Use alert windows and thresholds that prevent flapping. A brief spike to 2% errors for 30 seconds might be a normal transient — alerting on it wastes attention. Use multi-window burn rate alerting: alert when the short-term burn rate (last 5 minutes) AND the long-term burn rate (last hour) both exceed thresholds.
Severity Levels
I use four severity levels: P1 (pages the on-call engineer immediately — service is down or data loss is occurring), P2 (pages during business hours — significant degradation affecting users), P3 (creates a ticket — non-urgent issue that needs attention within a few days), P4 (logged and reviewed weekly — optimization opportunities or cosmetic issues).
P1 alerts should fire less than once per week on average. If you're getting P1 alerts daily, either your system is genuinely unreliable or your alert thresholds are wrong.
SLOs and Error Budgets
Service Level Objectives (SLOs) formalize your reliability targets. Instead of vague goals like "the service should be fast," you define specific, measurable objectives: "99.9% of requests complete within 500ms over a 30-day window."

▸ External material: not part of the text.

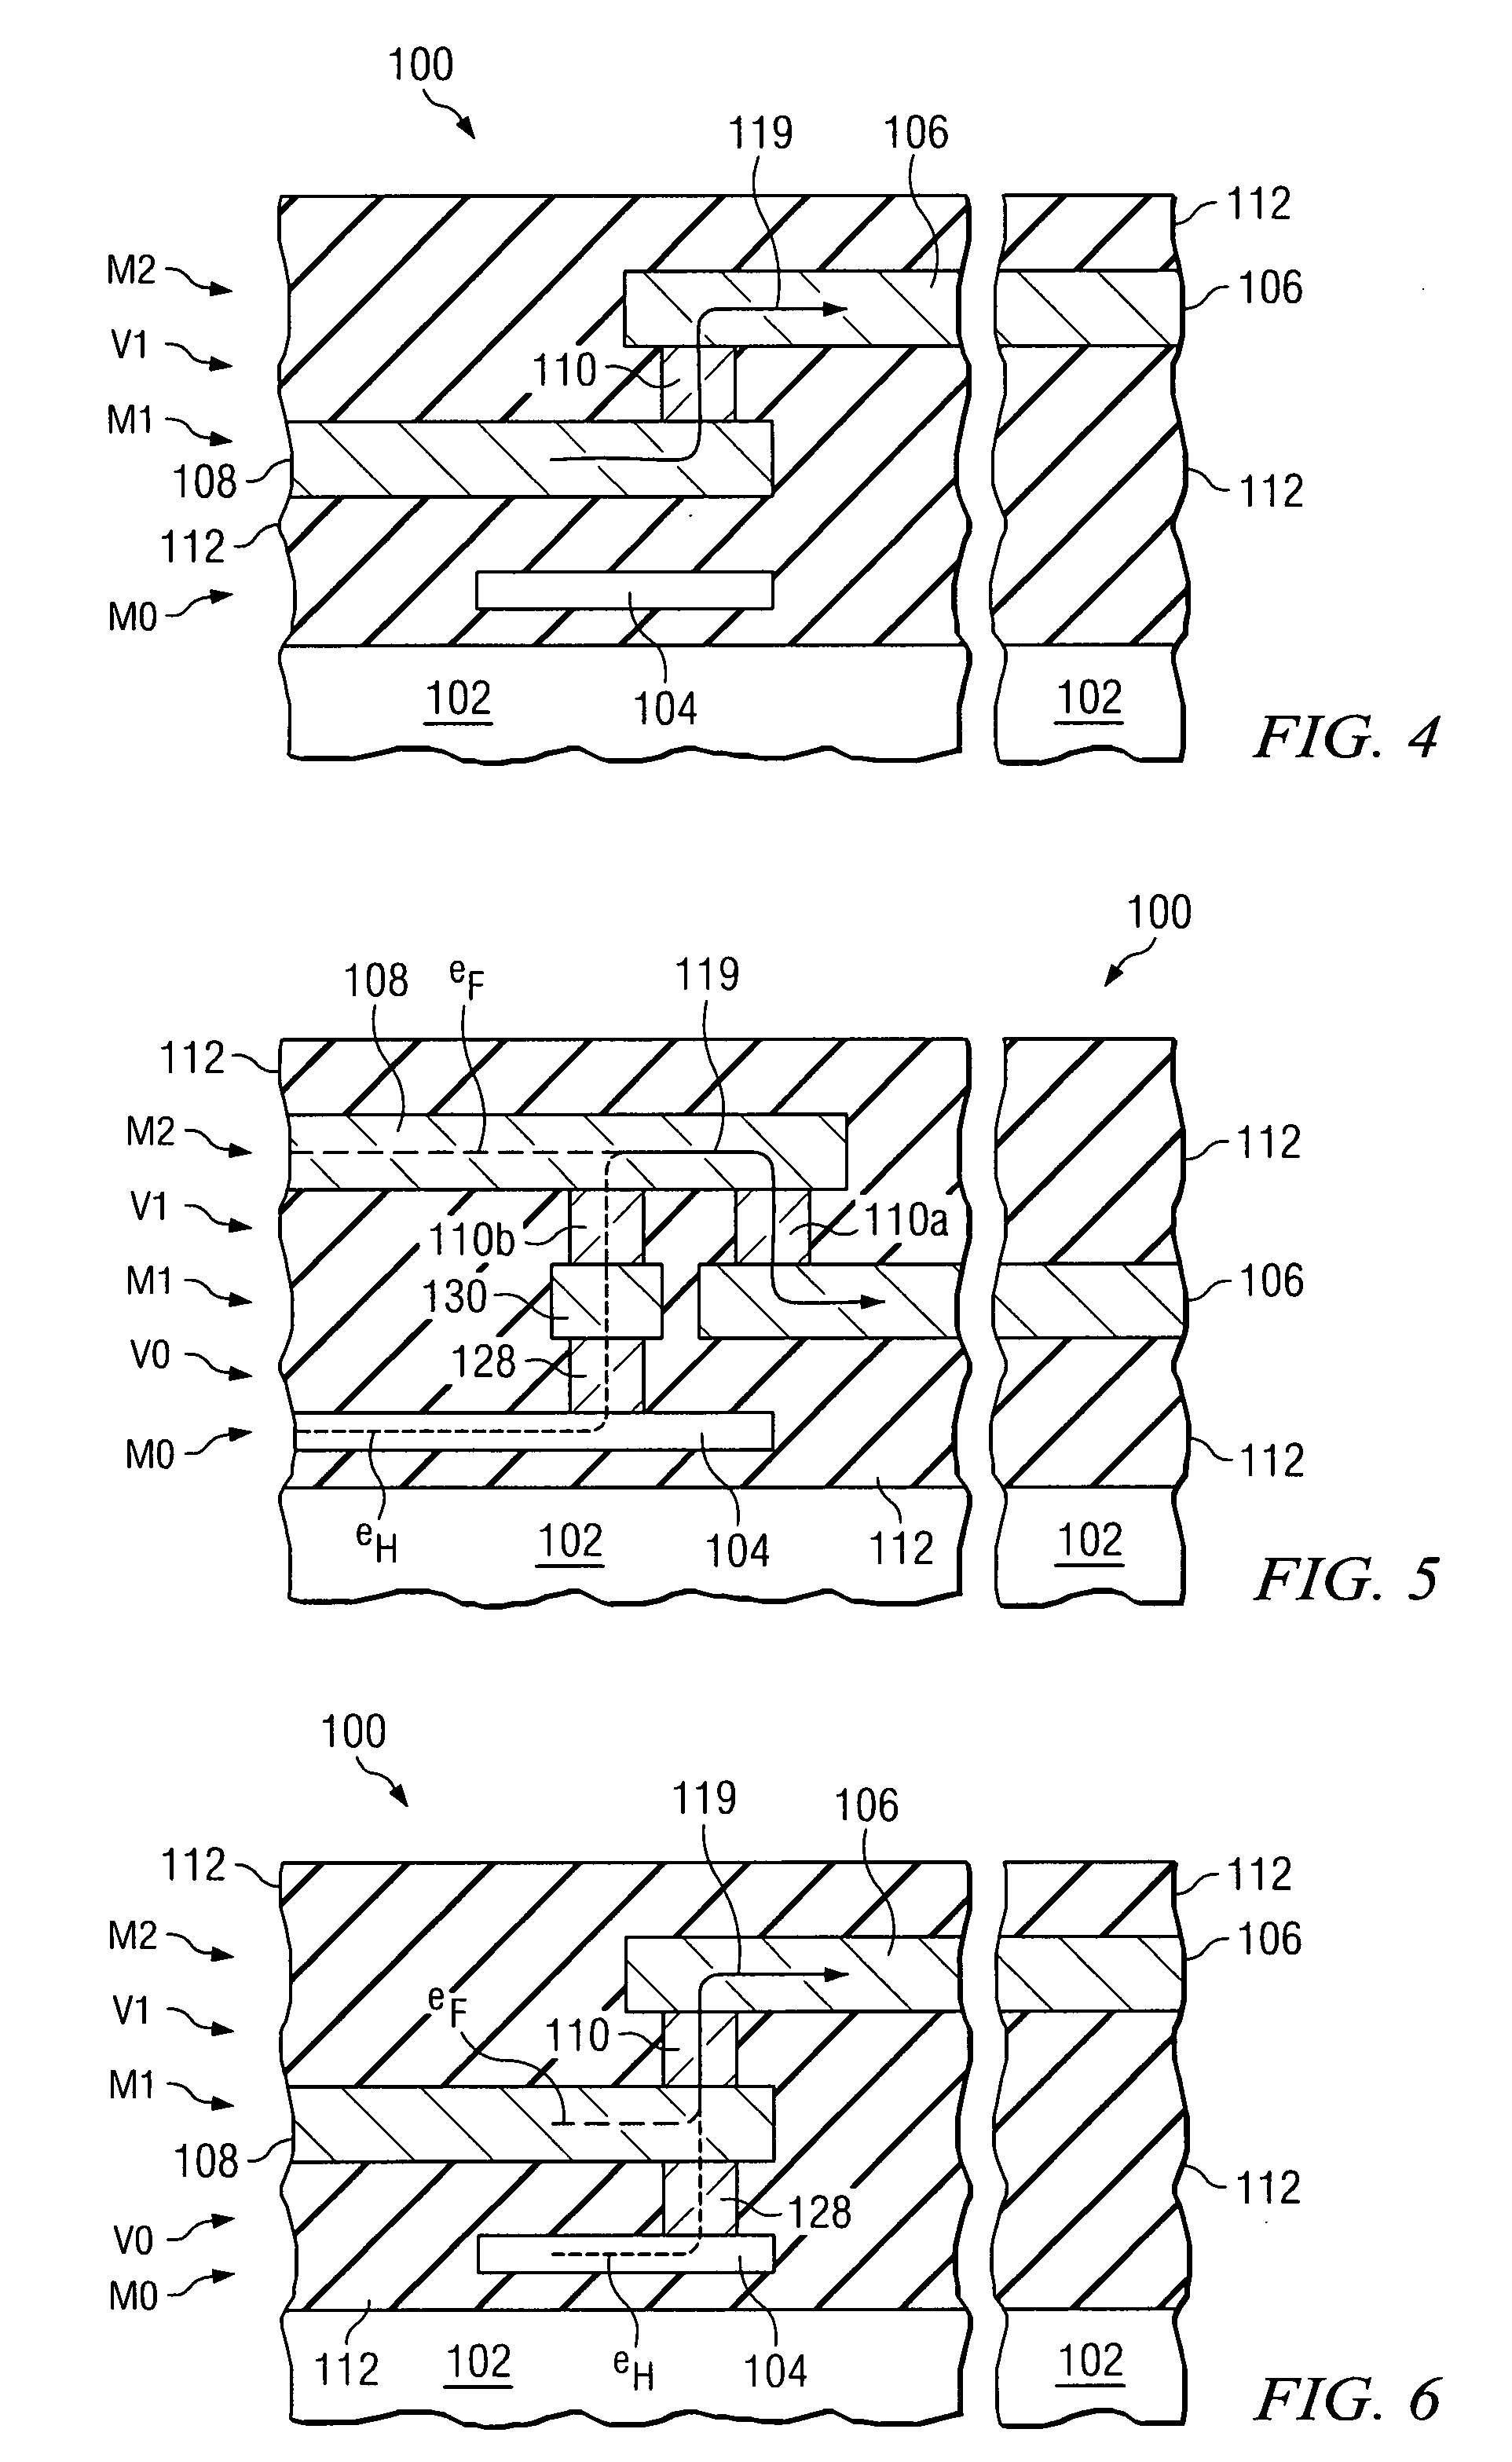 Semiconductor device test structures and methods

Error budgets make SLOs actionable. If your SLO is 99.9% availability, you have a budget of 0.1% downtime per month (about 43 minutes). When the budget is healthy, you ship features aggressively. When it's burning fast, you prioritize reliability work.
This framework turns reliability from a perpetual guilt trip into a data-driven decision: "We've used 60% of our error budget this month, so let's hold off on risky deployments until next month" is a concrete, defensible decision.
Dashboard Design
The Four Dashboard Layers
Layer 1: Executive dashboard — one screen showing overall system health, SLO status, and key business metrics. Layer 2: Service dashboards — one per service, showing RED metrics, resource usage, and deployment markers. Layer 3: Investigation dashboards — detailed views for debugging specific issues (database performance, cache hit rates, queue depths). Layer 4: Infrastructure dashboards — node health, disk usage, network metrics.
Most engineers should live on Layer 2 and only drill into Layer 3 when investigating issues. If your team spends most of their time on infrastructure dashboards, something is wrong with your platform.
Getting Started
If you have no monitoring today, start with these three things: instrument your application with RED metrics (request rate, error rate, duration), set up structured logging with correlation IDs, and create one alert for each service's error rate exceeding 1% for 5 minutes. This minimal setup catches the majority of production issues and gives you a foundation to build on.